So it seems logical that summers in the Southern hemisphere, when earth is at perigee and closest to the sun, should be a bit hotter and sunlight more intense, than summers on this side of the equator? What think?
When the sun is farthest away from the earth in the summer, why is it the warmest weather?
Seems that it would be the coolest weather.
It would seem to make sense, wouldn't it? But actually the hotter/cooler weather, and seasons, are caused by the angle of the incoming sunlight. The more direct an angle, the more heat we will receive. Earth is tilted at a 23.5 degree angle to the plane of its orbit; this tilt can be toward the Sun (summer in Northern Hemisphere), away from the Sun (winter in the Northern Hemisphere), or neither (spring and fall equinoxes). Because of this tilt, at any one time, the amount and angle of sunlight will differ in various locations on the planet. And this distribution will change as Earth travels along in its orbit.
From January's perihelion (when Earth is closest to the Sun), we move farther away from the Sun each day. In January, the angle of the Sun’s rays were low in the Northern Hemisphere, so the Sun’s energy was distributed over a larger area, weakening its intensity in any one place (sort of like the light from a tilted flashlight on a surface); the days were also shorter than they are now, so that we received less energy from the Sun.
At the spring and fall equinoxes, we are neither tilted toward nor away from the Sun, which means that at the Equator, the Sun’s rays are coming in at about a 90 degree angle—so the energy there is concentrated along a smaller surface. However, at the higher latitudes, the Sun’s rays are being received at more of an angle, so we’re getting less intense rays than the Equator, and things are a bit cool. As the spring days progress toward the summer solstice, the angle of the Sun’s rays become more direct, and the days are also getting longer, which increases the amount of energy that we are receiving. So, we’re getting more energy as spring progresses to summer, resulting in warmer temperatures. Hottest temperatures are usually a bit after the summer solstice, because it takes a while for the water and land to reach a certain rate of absorbing vs. releasing the Sun's energy.

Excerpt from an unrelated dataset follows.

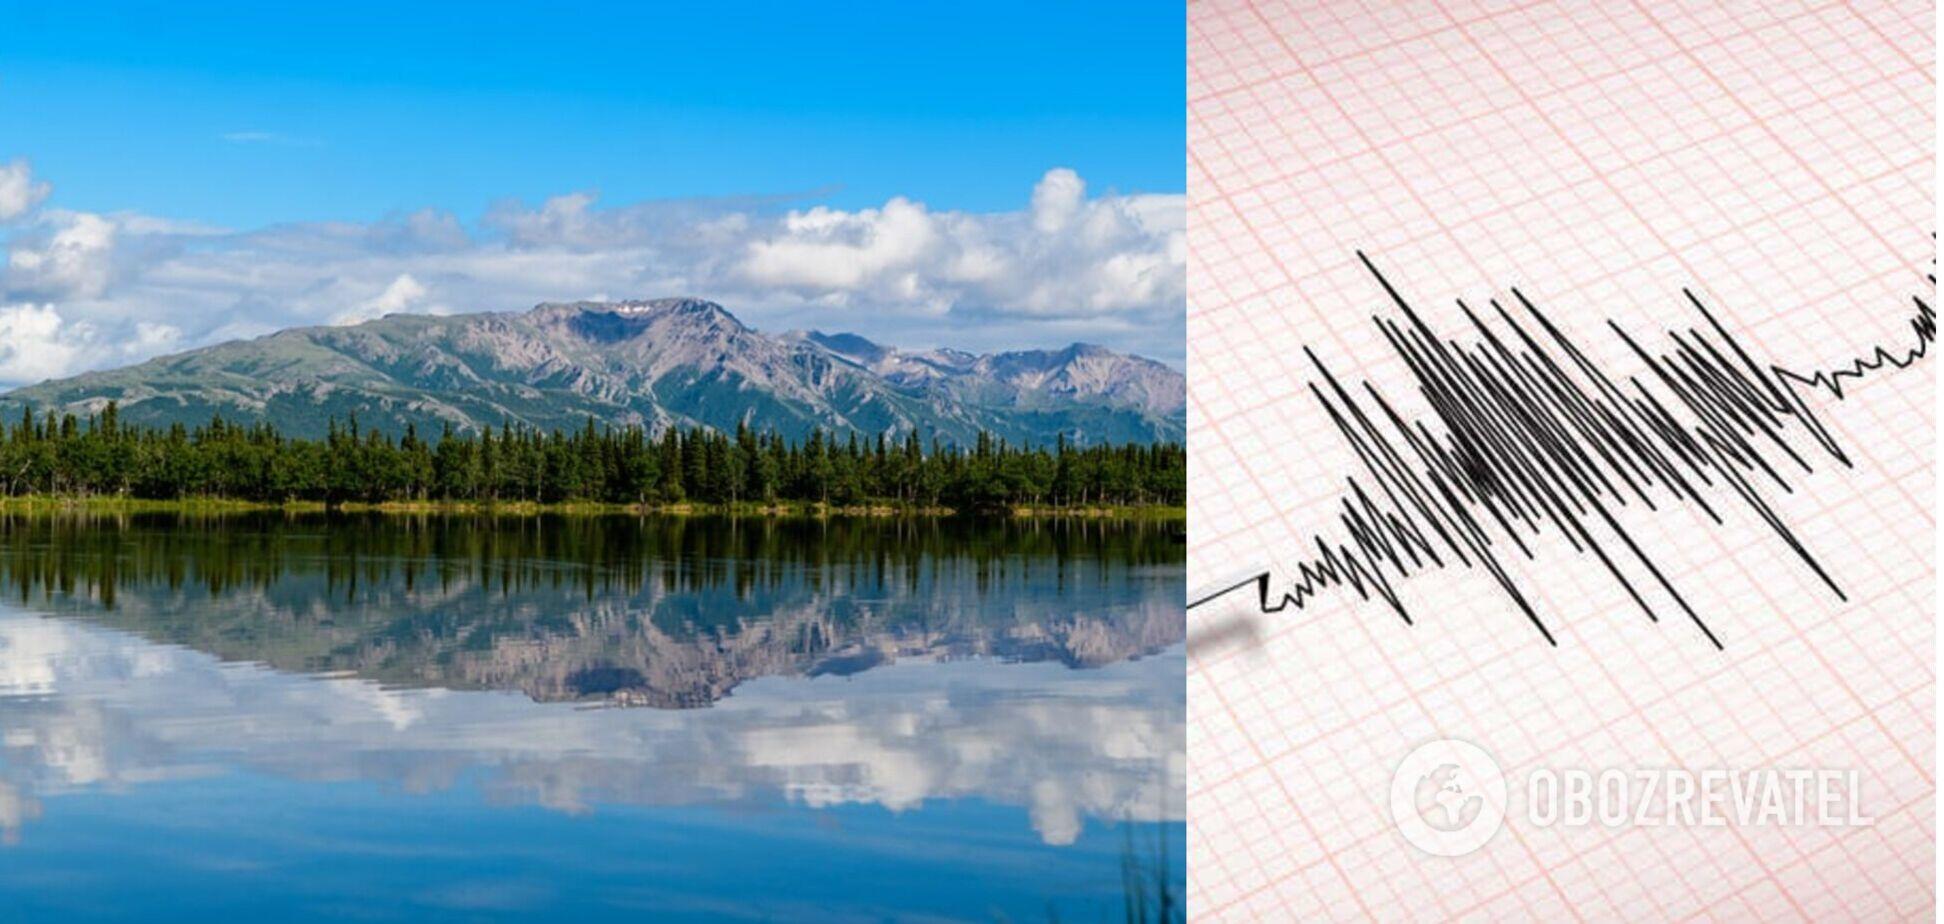 На Аляске произошло мощное землетрясение, есть угроза цунами. Видео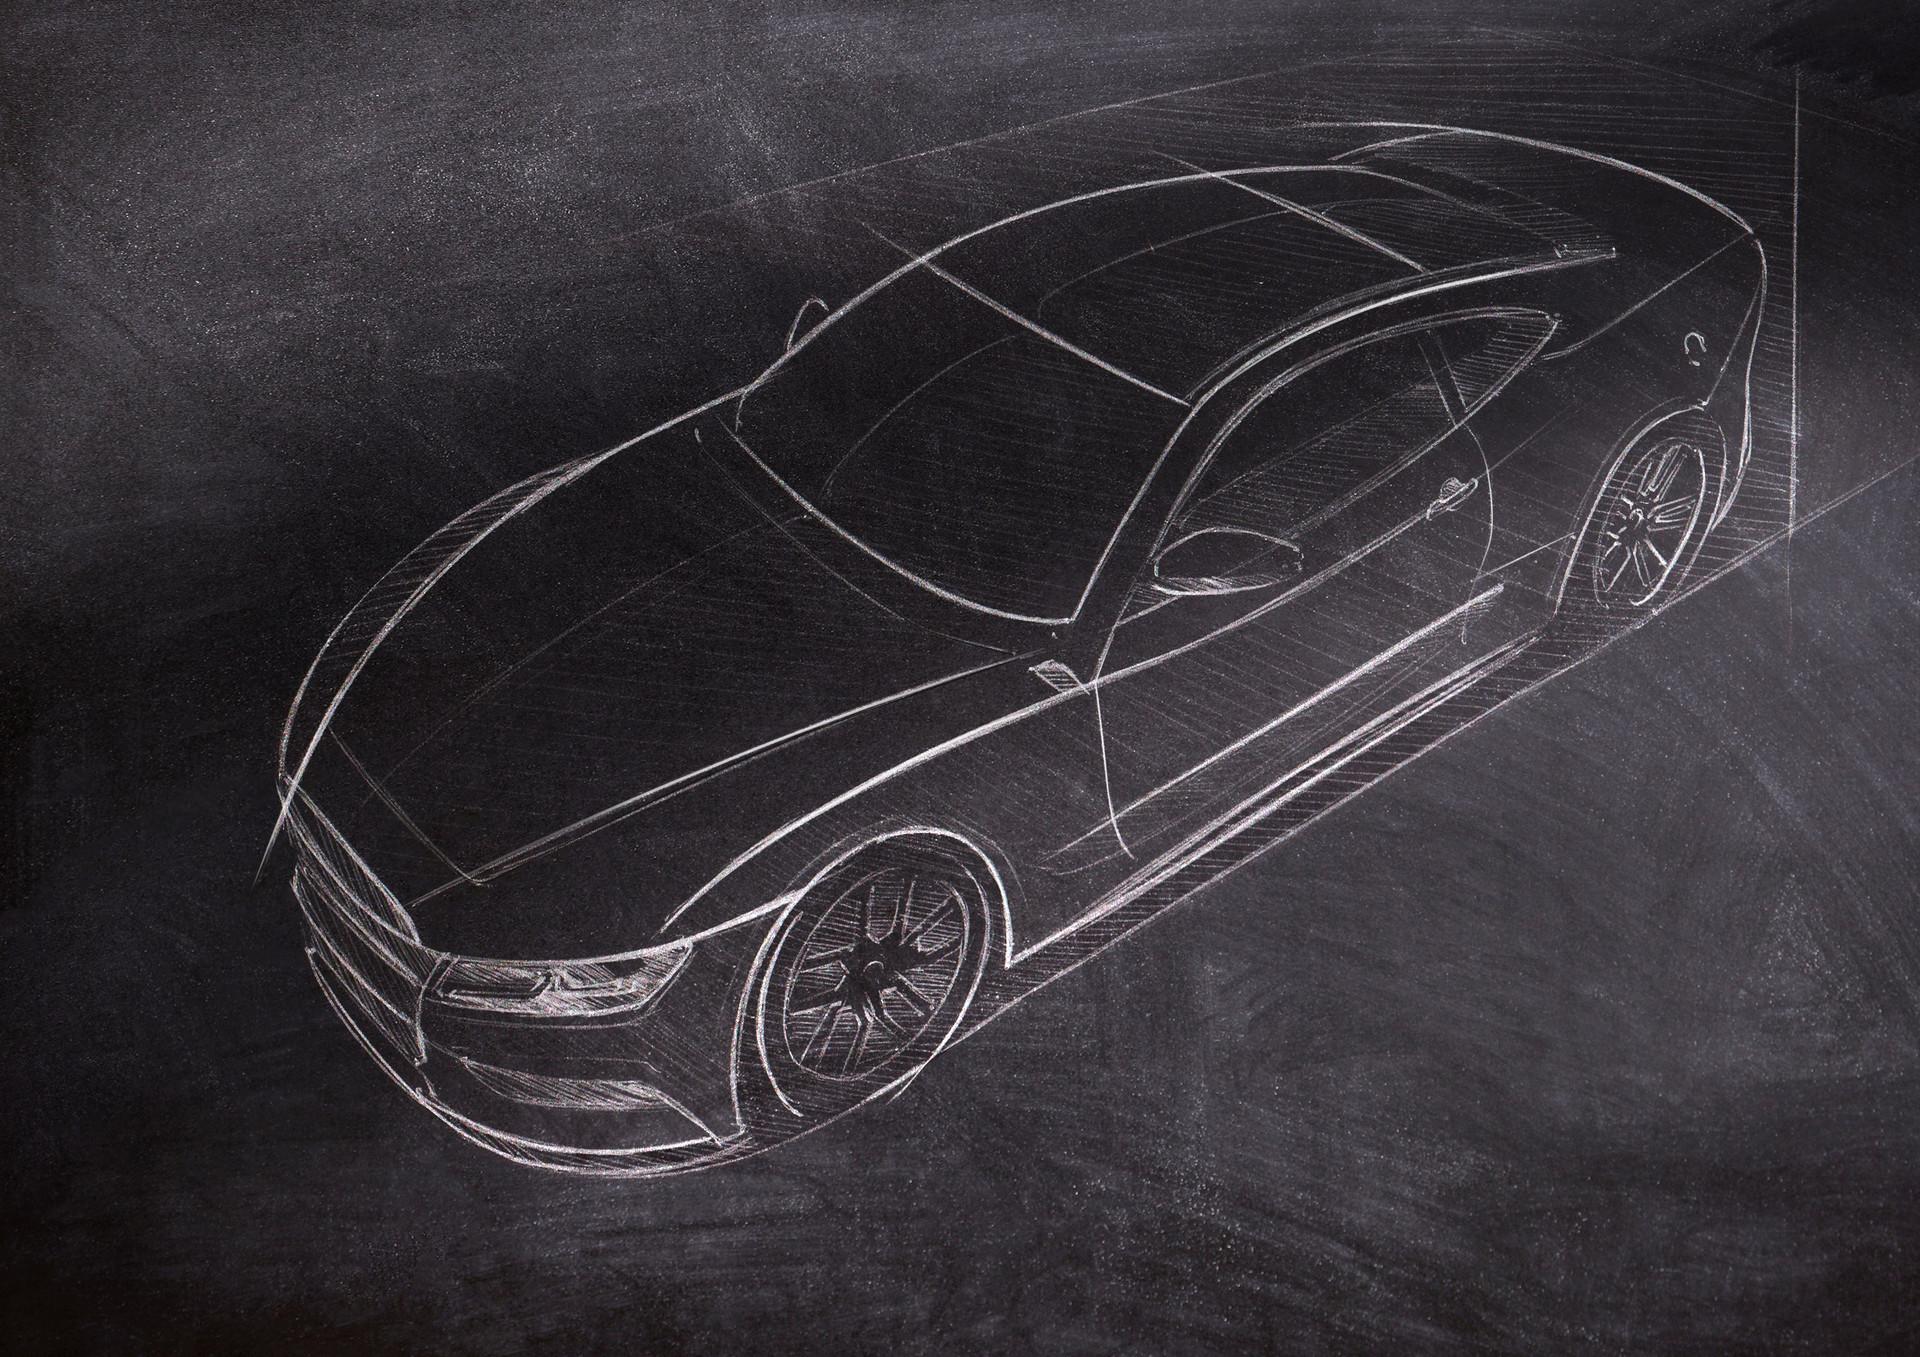 David stingl tauler blackboard sketch 2

Thank you for the info. My favorite part is "orbit not to scale" which made me laugh. Thanks!
Very useful info!
Hi,
Can you please if available post the Perigee and Apogee days for all 2014?
Also interested how Perigee and Apogee affects sensitive people.
Thanks!
Daniel
Texas
You can find the times of perigee and apogee for the Moon on the appropriate dates of the right-hand pages of The Old Farmer's Almanac, both print and digital versions. These times/dates have been converted to Eastern Time (National, Canadian, Southern editions) or Pacific Time (Western edition).
For a list of perigee and apogee dates online, you might go to the following; please keep in mind that these dates are listed in Universal Time (at Greenwich, England) and would need to be converted to your local time zone.
http://fourmilab.ch/earthview/pacalc.html
We have not found information about how perigee and apogee might affect people, at least nothing conclusive, but good luck with your research!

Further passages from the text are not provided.